The new exclusion in the New Zealand law is expected to work in a similar manner.
The US Supreme Court has a line of authority for treating ineligible subject matter as being, in effect, part of the prior art, and conducting a type of informal inventive step analysis, justified by the words 'whoever invents... in 35 USC 101.
I am not sure that any of this is justifiable under Australian law, unless authority can be gleaned from the Microcell/Philips v Mirabella line of decisions, i.e. that there is no 'invention' to be found on the face of the specification. I note, however, that the Full Court has not even cited Microcell or Philips in this case.
I think Tom Lehrer best summed up the problem with Justice Stewart's formulation when he wrote/sang that:
All books can be indecent books,
Though recent books are bolder.
But filth (I'm glad to say) is in the eye of the beholder!
When correctly viewed,
Everything is lewd:
I can tell you things about Peter Pan,
And the Wizard of Oz - there's a dirty old man!
I would have to agree. Take these paragraphs from RPL,
"I further find that each of the computer-effected steps of the invention constitutes or gives rise to a change in state or information in a part of a machine, and therefore produces a physical effect in the sense of a concrete effect or phenomenon or manifestation or transformation (Grant at 70 [32])." at [143].
"I do not accept that the Australian decisions that are binding upon me in respect of this issue – NRDC, CCOM and Grant – expressly import any such requirement of substantiality or centrality of physical effect" at [147].
These passages in particular seem to stand out as inconsistent with the "substance of the invention" test outlined in the Research Affiliates decision. Regardless of whether the court finds this to actually be inconsistent or not, I think the outcome of the appeal in RPL will have far greater ramifications (at least for software patents) than this decision does.
I think the court reached the right result, but I'm not at all convinced by the path it took to get there.
The passages where the court announces its "substance, not form" test just don't fit with the rest of the judgement, which seems to point inescapably at the conclusion that RA's claims would have been A-okay if instead of being in the form " + do it on a computer" they'd been expressed as " to produce physical changes in that correspond to ". Or even " configured to perform ", maybe with a few non-limiting processing units and storage media thrown in. Each of those forms of claim would protect, in substance, the same thing.

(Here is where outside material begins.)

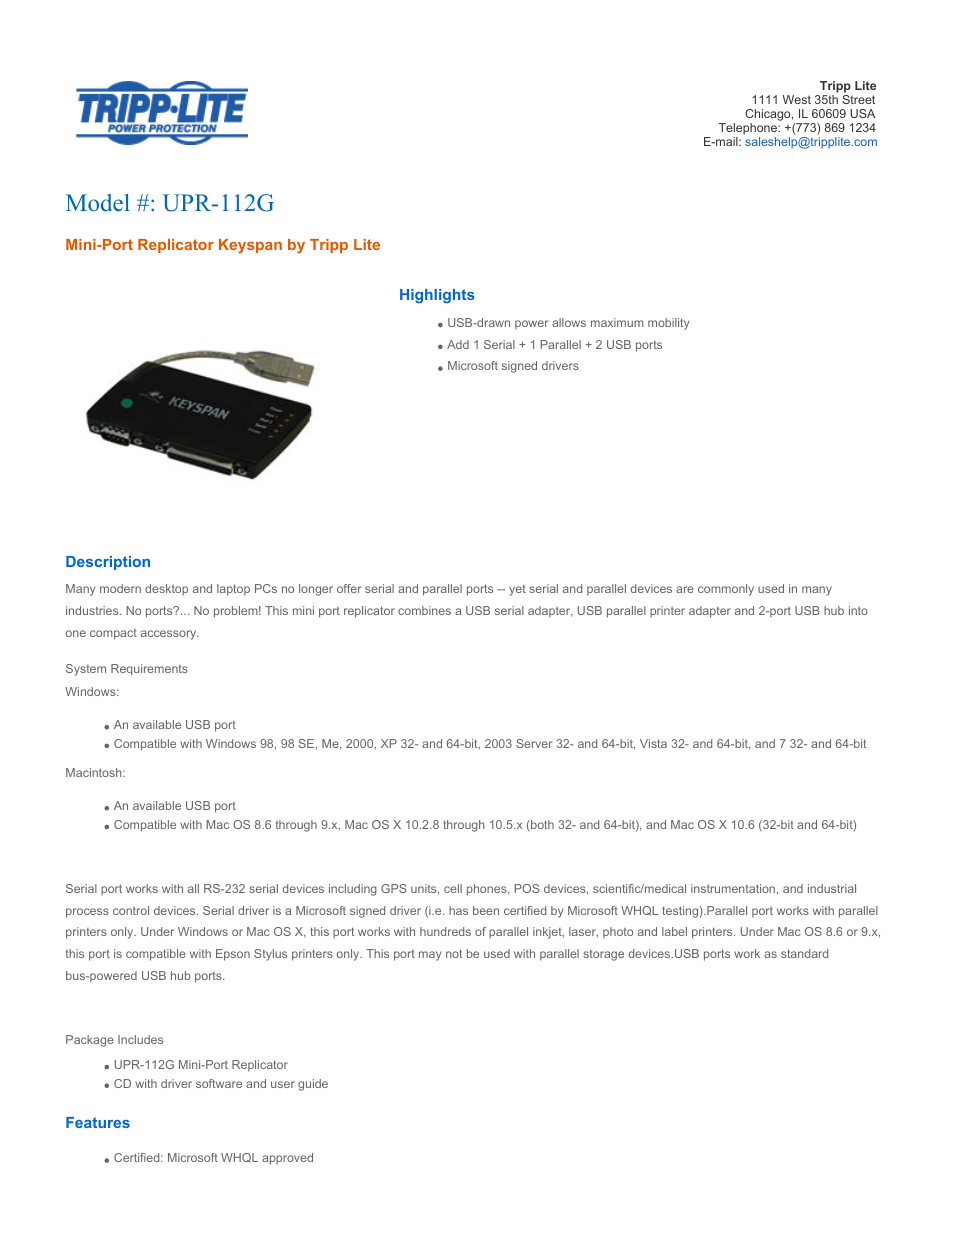 Mini-Port Replicator UPR-112G

The problem is that the courts have painted themselves into a corner; they've stretched the NRDC test to the point where they have no principled way of rejecting things like the RA claims that cannot in any sensible way be described as a "manner of manufacture" and that are so bad that even the US system has found a way to control them. So they produce judgements like this one. What a mess.
The US system has not (yet) come up with an entirely satisfactory solution. The difference is that the US cases have gone all the way to the Supreme Court, whose word is law. Whether or not the reasoning in Alice or Bilski is logical or coherent, it is law. It certainly "controls" the most extreme cases, but it is also (on at least some analyses) resulting in considerable collateral damage.
I am going to write more on this. But the more I think about it, the more I hope this case goes to the High Court. That is the only venue in which NRDC is not immutable binding precedent.
We need a new NRDC for a new era. This Full Court decision is not it!
The Full Court trumps a single judge... even if Justice Middleton's decision in RPL Central is more logical and coherent (though, of course, I am biased :).